SaLT1 and SaLT2 used EDACS to independently rate the eating and drinking abilities of 50 children at TP1: absolute agreement between SaLT1 and SaLT2 was 62% (ICC $=$ 0.8; 95% CI 0.67–0.89) indicating acceptable agreement and reliability. See Table 4. SaLT1 and SaLT3 used EDACS to independently rate the eating and drinking abilities of 24 children over 4 different TPs: absolute agreement between SaLT1 and SaLT3 was 85% (ICC $=$ 0.95; 95% CI 0.92–0.98) indicating excellent agreement and reliability [33]. The use of EDACS by SaLT1 and SaLT3 is summarised in Table 5.

Table 4
Reliability measures associated with use of EDACS at time point 1 (TP1) by SaLT1 vs SaLT2, for 51% of randomly selected cases $n=$ 50

	EDACS levels SaLT2						Total
		I	II	III	IV	V
EDACS	I	1	4	1	0	0	6
levels	II	2	3	0	0	1*	6
SaLT1	III	0	0	7	3	0	10
	IV	0	0	1	13	5	19
	V	0	0	0	2	7	9
Total		3	7	9	18	13	50

*Disagreement of 3 levels between raters linked to difference of interpretation of case notes for child with a gastrostomy because of restricted food intake linked to behavioural issues: SaLT2 understood presence of gastrostomy to indicate unsafe swallow.

Table 5

Reliability measures associated with use of EDACS across all time points (TP1–TP4) for 25% of randomly selected cases by SaLT1 vs SaLT3

	EDACS levels SaLT3						Total
		I	II	III	IV	V
EDACS	I	4	0	0	0	0	4
levels	II	5	11	0	0	0	16
SaLT1	III	0	1	7	2	0	10
	IV	0	0	0	32	6	38
	V	0	0	0	0	28	28
Total		9	12	7	34	34	96

3.2 Stability of EDACS levels

The ICC examining the level of overall agreement in EDACS levels across all time points was 0.97 (95% CI 0.96–0.98). The high ICC of 0.97 indicates that EDACS levels remained stable over time, with excellent agreement across time points [33].

The assigned EDACS level remained constant over time for 86% of children. The EDACS level assigned changed by one level for 14 children. 3/14 showed improvements to eating and drinking abilities from Level IV to Level III. 10/14 children had increased limitations to eating and drinking abilities which occurred between 12 and 19 yrs. Increasing limitation occurred at different EDACS levels: 6 children moved from Level IV to V; 4 children moved from Level III to IV and 1 child moved from Level II to III. 10/11 children who lost function had orthopaedic issues and/or seizures (7 children GMFCS V; 3 children GMFCS IV). See Table 6 for summary of changes to function over time.

Table 6
Summary of changes to function over time by EDACS level for children with CP ( $n=$ 97)

Changes over time	Number $n=$ 97%
No change of EDACS level	83 (86%)
Change by 1 EDACS level	14 (14%)
Change by 2 or more EDACS levels	0 (0%)
Improved abilities	3 (3%)
Improved abilities EDACS level IV to III	3 (3%)
Loss of abilities	11 (11%)
Loss of abilities EDACS level II to III	1 (1%)
Loss of abilities EDACS level III to IV	4 (4%)
Loss of abilities EDACS level IV to V	6 (6%)
Loss of abilities with orthopaedic	10 (10%)
issues or seizures	(3 GMFCS IV;
	7 GMFCS v)
Loss of abilities between 12–19 years	10 (10%)
Loss of abilities between 3–5 years	1 (1%)

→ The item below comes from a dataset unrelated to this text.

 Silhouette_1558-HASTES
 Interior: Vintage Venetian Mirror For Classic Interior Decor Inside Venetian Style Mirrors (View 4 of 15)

3.3 Relationship between EDACS levels and other areas of function

There was a statistically significant moderate positive correlation between EDACS levels and all FCSs (ranging from 0.53–0.75) [34]: the highest associations were between someone’s ability to use intelligible speech and their eating and drinking ability and their ability to use their hands and eating and drinking ability. See Table 7 for associations between EDACS levels and other areas of function.

Table 7
Associations between children’s EDACS levels and levels of other Functional Classification Systems using Kendall’s tau b ( $\tau$ ) [34]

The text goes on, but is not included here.